Notre monde a un besoin croissant d’une approche pluridisciplinaire mais croiser les disciplines présente de très nombreux obstacles. Il n’y a pas si longtemps que, dans l’entreprise, se parlent des ingénieurs, des designers, des hommes de marketing, de vente, de service après-vente, pour essayer ensemble de maximiser la satisfaction des consommateurs. D’ailleurs vous avez encore tous des exemples dans vos entreprises de dialogues de sourds. Et nous avons tous en tant que consommateurs des exemples d’incohérences, par exemple quand la SNCF annule votre voyage et que le lendemain un mail du marketing vous demande si vous êtes satisfait du dit voyage. Le travail en commun est essentiel et un meilleur rapprochement des interprétations de la crise du COVID entre sociologues, épidémiologistes, économistes, psychologues, et bien d’autres aurait probablement évité quelques déboires tout au long de cet épisode malheureux de notre histoire sanitaire.

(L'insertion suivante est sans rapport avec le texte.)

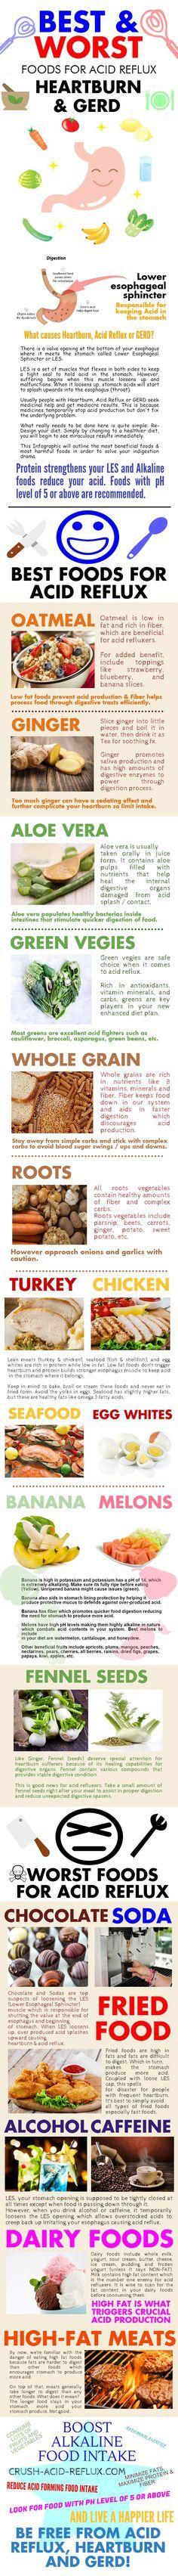 Infographic: Best & Worst Foods for Acid Reflux, Heartburn, and GERD. #heartburn #acidreflux #GERD
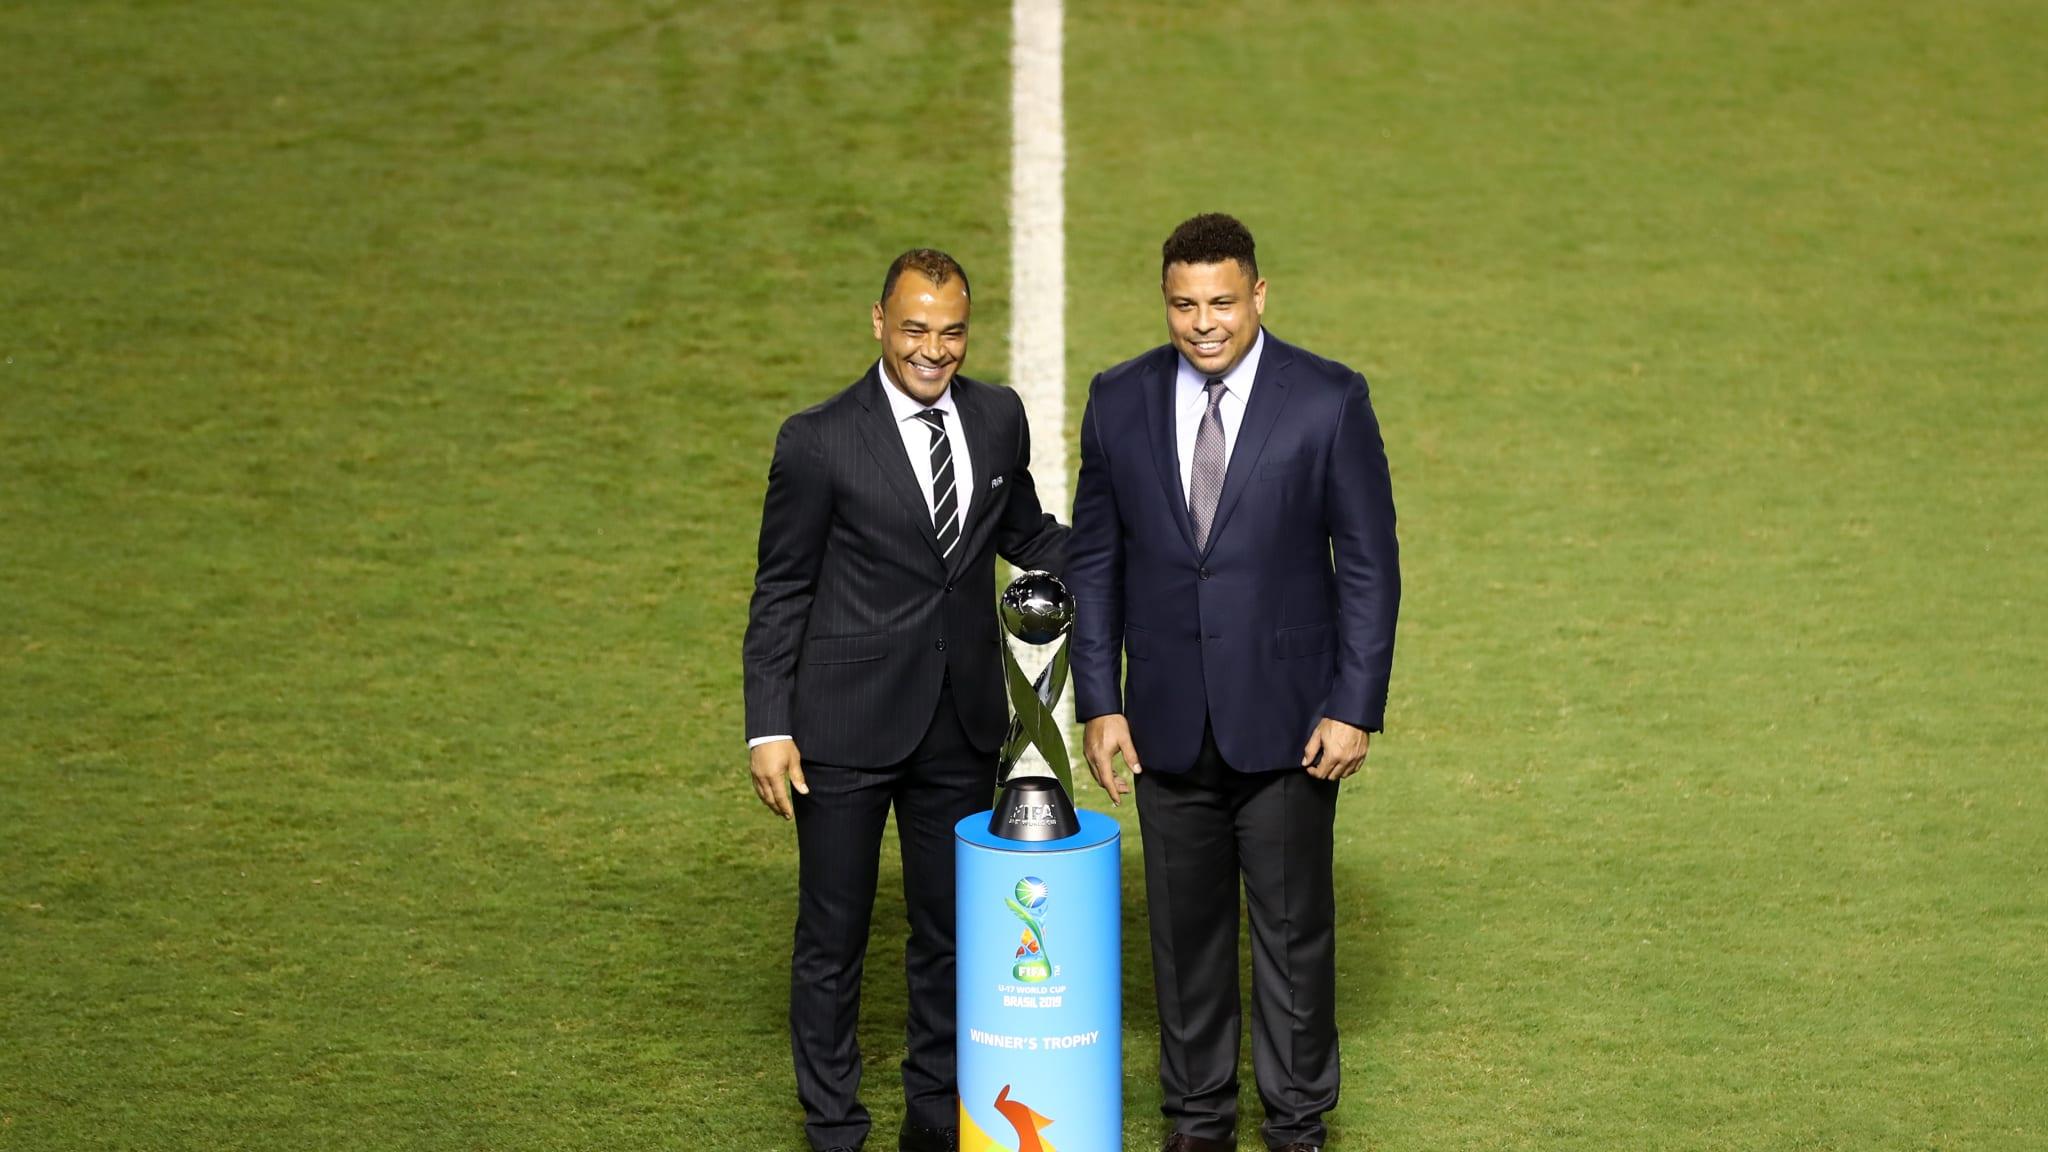 Former Brazil Internationals Cafu and Ronaldo pose for a photo

Mais l’interdisciplinarité demande d’abord du temps, ce dont ne dispose pas souvent les journalistes, ni les dirigeants, puis des compétences et des techniques. Elles sont parfois délicates à acquérir. Il faut bien sûr d’abord de l’écoute, de la patience et de la bienveillance. Mais il faut surtout développer des vocabulaires communs et des objectifs communs. Quand un ingénieur ou un matheux parle de « beau » il n’a probablement pas dans l’esprit la même chose que ce que pense le designer. Quand un éthicien parle de « bien commun » il n’a pas forcément la même vision que l’économiste ou le politique.

L’imbécilité serait de ne pas essayer de croiser les points de vue. Notre capitalisme devient un « stakeholder capitalism », un capitalisme des parties prenantes, où il faut confronter de nombreuses visions, parfois contradictoires. Notre système économique va aussi être de plus en plus dominé par la variable environnementale, une variable polymorphe, demandant un nombre incroyable de compétences croisées.  Il va nous falloir apprendre à mieux travailler ensemble, à développer nos vocabulaires, à se méfier de nos ultracrépidarianisme et ce d’autant plus qu’en travaillant avec d’autres spécialistes nous avons tendance à penser que nous maitrisons un peu mieux leurs disciplines et que cela pourrait nous autoriser à en parler. Le sociologue ne pourra toujours pas parler d’épidémiologie ni l’épidémiologiste de sociologie mais chacun saura mieux de quoi parle l’autre et où des interactions sont nécessaires.